ACÚLEOS I – 13 DEZEMBRO 2023
(Agnetha Faltskog, cinema islandês)
Toda beleza tem dentes aguçados,
Pode morder para te dar prazer
Ou por prazer pode querer morder,
Pingos de sangue de forma ou outra derramados.
Assim os corações são mastigados
Por essa dor que só pode conceder
Esse carinho em que a beleza há de morrer
Dos beijos todos sobre a carne descartados.
Mesmo essa carne que não mais existe,
Mas que nos pôde ferir enquanto bela,
Em seu anseio venenoso de carinho,
Cada saliva de beijo um ideal triste,
Que se derrama sobre a pele e ainda apela,
Após aberta toda a roupa em desalinho.
ACÚLEOS II
Mesmo na ausência da mais fera
intenção,
A beleza nos queima e fundo
desce,
Cada beijo a expressão de egoísta
prece,
Buscando apenas alcançar
satisfação;
Percorrem dentes toda a pele sem
noção,
Mas a saliva aos poucos
desfalece,
Enquanto o tempo sem perdão se
aquiesce
E destempera a mais perfeita
excitação.
Já a língua mais se mostra
generosa,
Deixando um rastro de si sem nos
morder,
Mais tempo leva sem se desfazer,
Mas em seu sendeiro ainda é-nos
impiedosa,
Insistindo em receber o quanto
quer,
Tal qual o espinho que acompanha
cada rosa.
ACÚLEOS III
Mas basta olhar o belo nos seus olhos,
Ele nos queima em altíssimo fulgor,
Raios de chama pretendendo ser amor,
Em cada lágrima o perigo dos escolhos,
Cada pupila um breve porto com seus molhos,
Um cristalino qual espelho em seu ardor,
Cada pestana a reforçar esse calor,
Que me investiga no tremor de seus refolhos.

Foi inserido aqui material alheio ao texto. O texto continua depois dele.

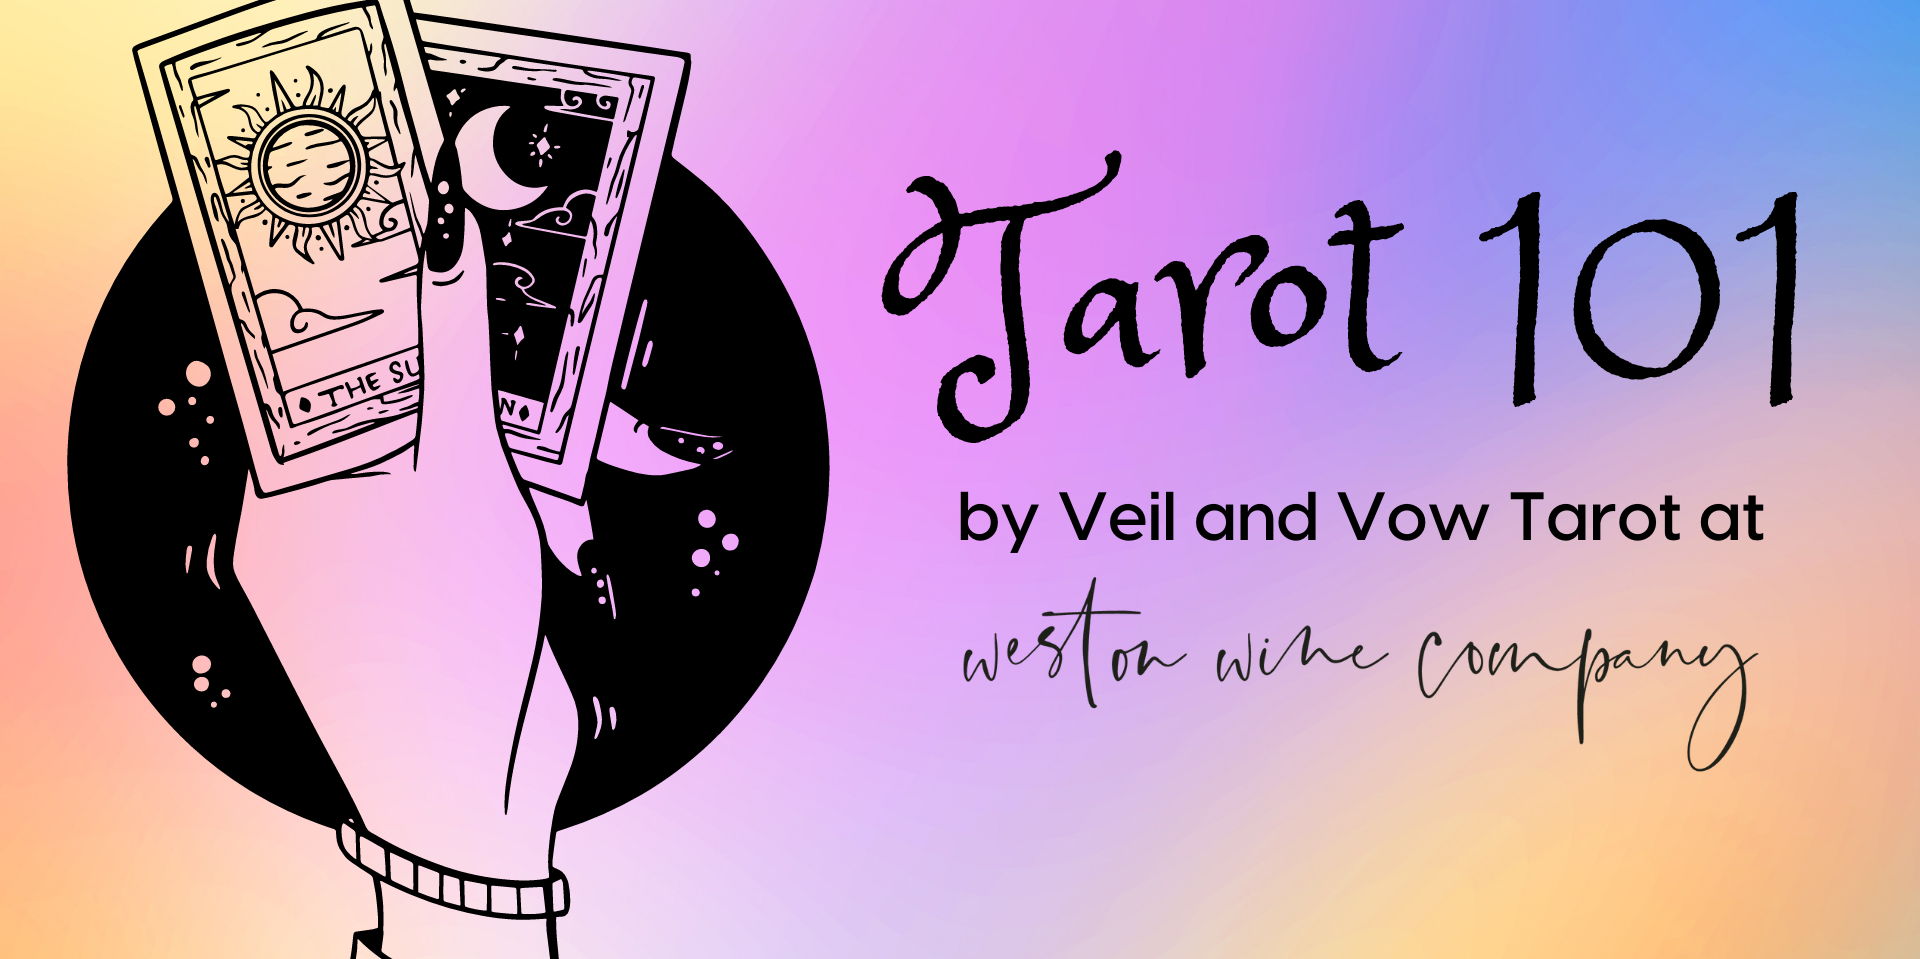 Tarot 101 promotional image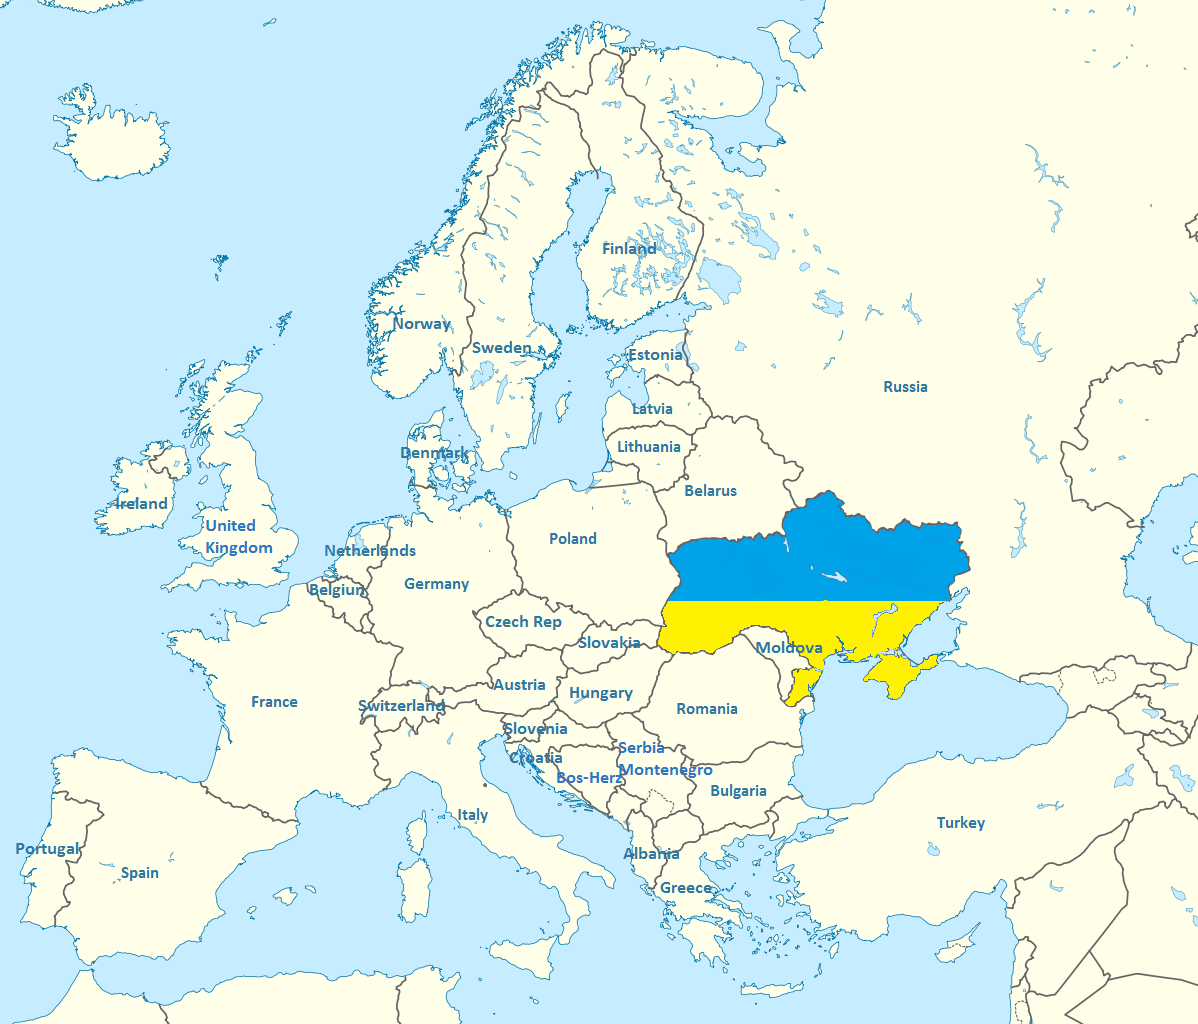 https://3.bp.blogspot.com/-ZIWnETotUPk/VAnWDzrkmwI/AAAAAAAAAxk/wSXYy3XegJQ/s1600/1198px-Ukraine_in_Europe_-rivers_-mini_map_svg.png

Assim, se és bela, a alma me mordiscas,
Bem levemente, esquiva em teu prazer,
As tuas pestanas agudas em suas iscas,
Mas nesse anzol de tua beleza então me afogo,
No inexplicável fascínio da mulher,
Que tanto temo, mas para o qual me jogo.
SALTO NO ESCURO I – 14 DEZ 23
Ou contra quem quereria me jogar,
Mas não me atrevo, me fisga a circunstância,
Fico a beber a ausência dessa instância,
Somente ao vento consido me arrojar,
Para esse arrojo não consigo me entregar,
Por mais que dele admire sua elegância.
Mas minha ausência de arrojo tem constância,
Ante seus pés não consigo me ajoelhar.
Como é estranha essa tal subserviência
Ante os escolhos de cada convenção,
Fica o desejo entalado na garganta,
Não serei dela apesar de sua insistência,
Mesmo em suspeita de encontrar aceitação,
Nesse seu rosto suave que me imanta.
SALTO NO ESCURO II
Toda questão de desejo é relativa,
Na verdade, por mais que se deseja,
Somente as costas da mão é que se
beija,
Fica a esperança derrotada de
indecisa;
Mas não se trata de colher a
sempre-viva,
É o miosótis que sobre nós adeja,
Ele que escolhe o momento que se
enseja,
Não cabe a nós tornar a escolha
decisiva.
Porque sempre, ao longo de minha
vida,
Nunca escolhi, esperei que me
acolhessem,
Ou ao menos que essa escolha
sugerissem,
Fui pelo amor sempre a vítima
escolhida,
Mais que dar beijos espeei beijos me
dessem
E minha alma de certeza
revestissem...
SALTO NO ESCURO III
Que me olhem com desprezo é bem possível,
A tradição, afinal, é a cortesia,
Que seja o homem que primeiro se atrevia,
Na tentativa de obter quanto é exequível,
Mas no meu caso aguardo o incognoscível,
Sempre esperei a cornucópia que se abria
Ou o tapete mágico que me conduziria
Ao meu oásis de amor imperecível.
E o que me espanta é ter sido buscado,
Não um vez somente, porém tanto,
Que um par de lábios se abrisse de inopino,
Em tal instante de amor inesperado,
Que a meu redor tudo entoasse um canto,
Que me levasse ao mais perfeito desatino!
PTERODÁCTILO I – 15 DEZ 2023
Eu sou um beijo que nunca foi trocado,
Escondido junto às traves de teu teto,
Oculto ali no escaninho mais secreto.
Queria o beijo, afinal, ter-se abrigado
Nesses lábios de alguém sempre a meu lado,
Em cujas íris enxergo olhar dileto
E me aparentam transmitir mais do que afeto,
Mas sou um beijo na timidez de seu pecado.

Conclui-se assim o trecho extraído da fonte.